[REQUIRED ACTION]
Starting at the line that contains "Human brain, National" and stopping at the line that contains "Girls' CT ALL", transcribe every line of the material below exactly; pictures stay out.

[DATA PROVIDED]
-=-=-

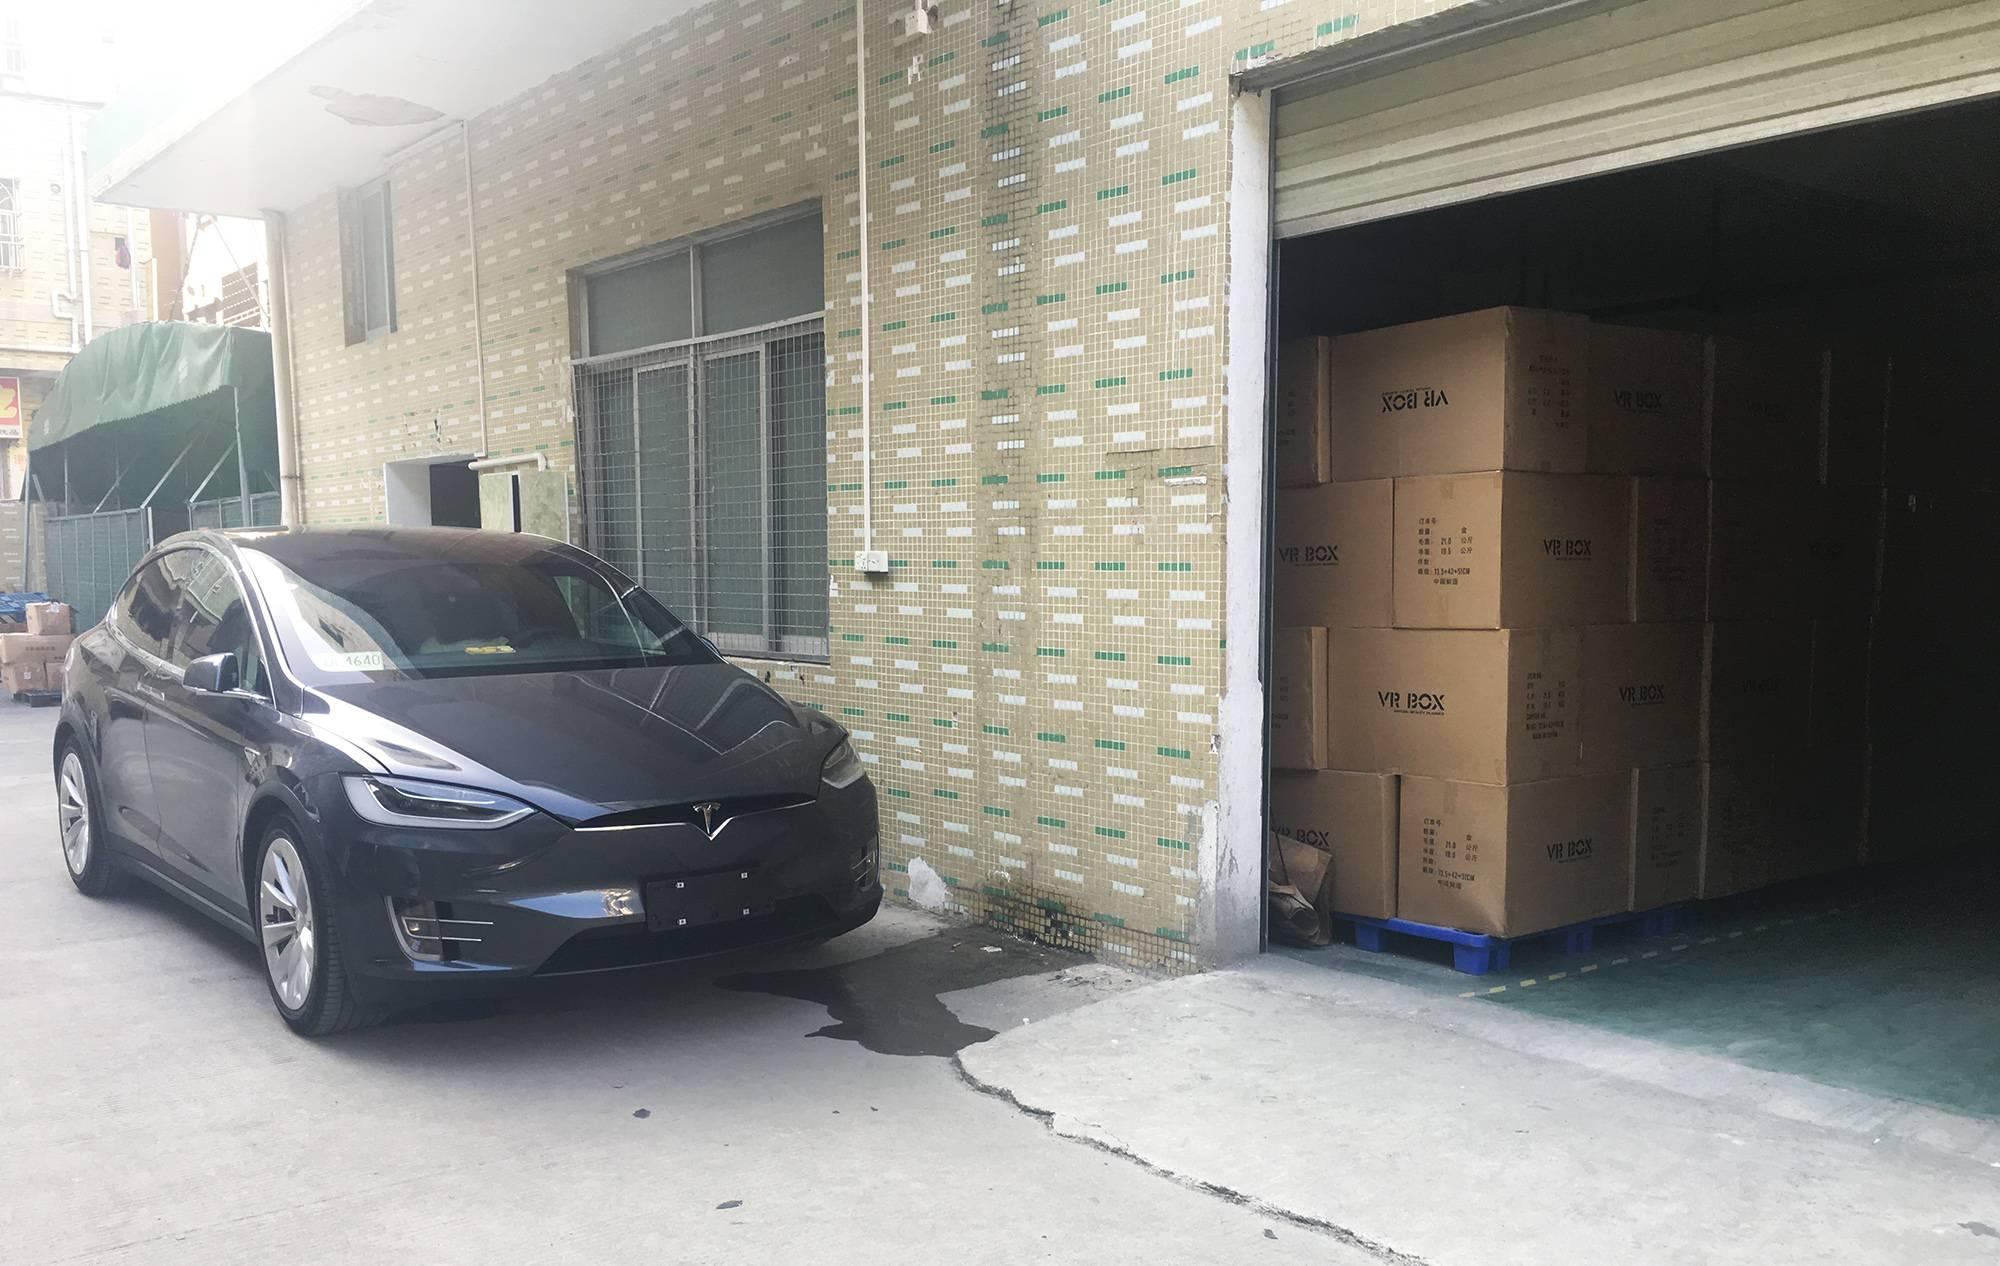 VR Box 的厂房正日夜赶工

-=-=-

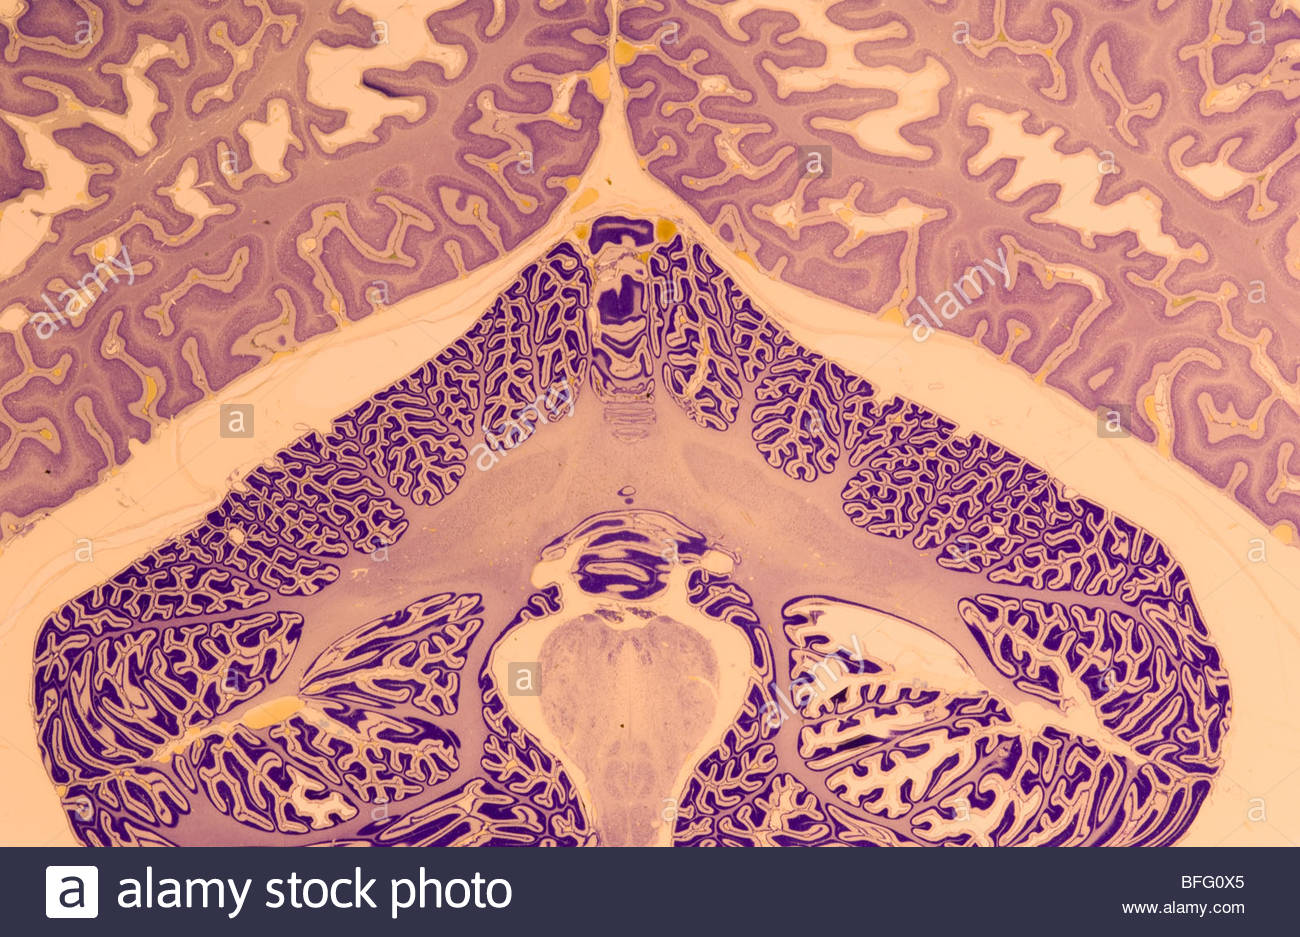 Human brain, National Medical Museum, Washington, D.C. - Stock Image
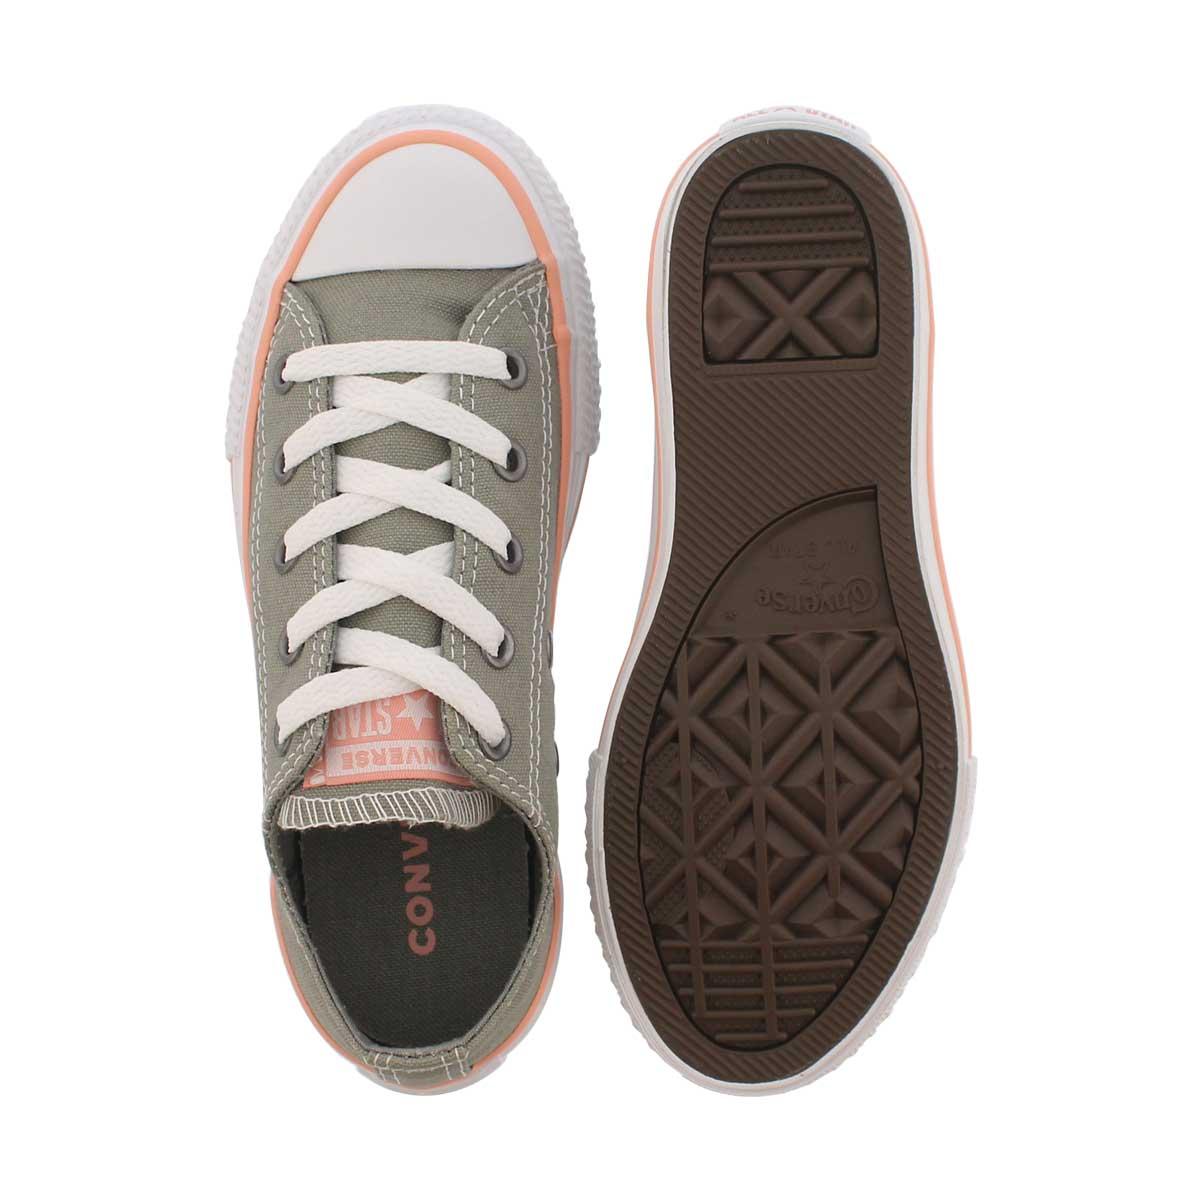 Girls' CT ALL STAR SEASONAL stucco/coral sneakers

-=-=-

[EXPECTED ANSWER]
 Human brain, National Medical Museum, Washington, D.C. - Stock Image
 Girls' CT ALL STAR SEASONAL stucco/coral sneakers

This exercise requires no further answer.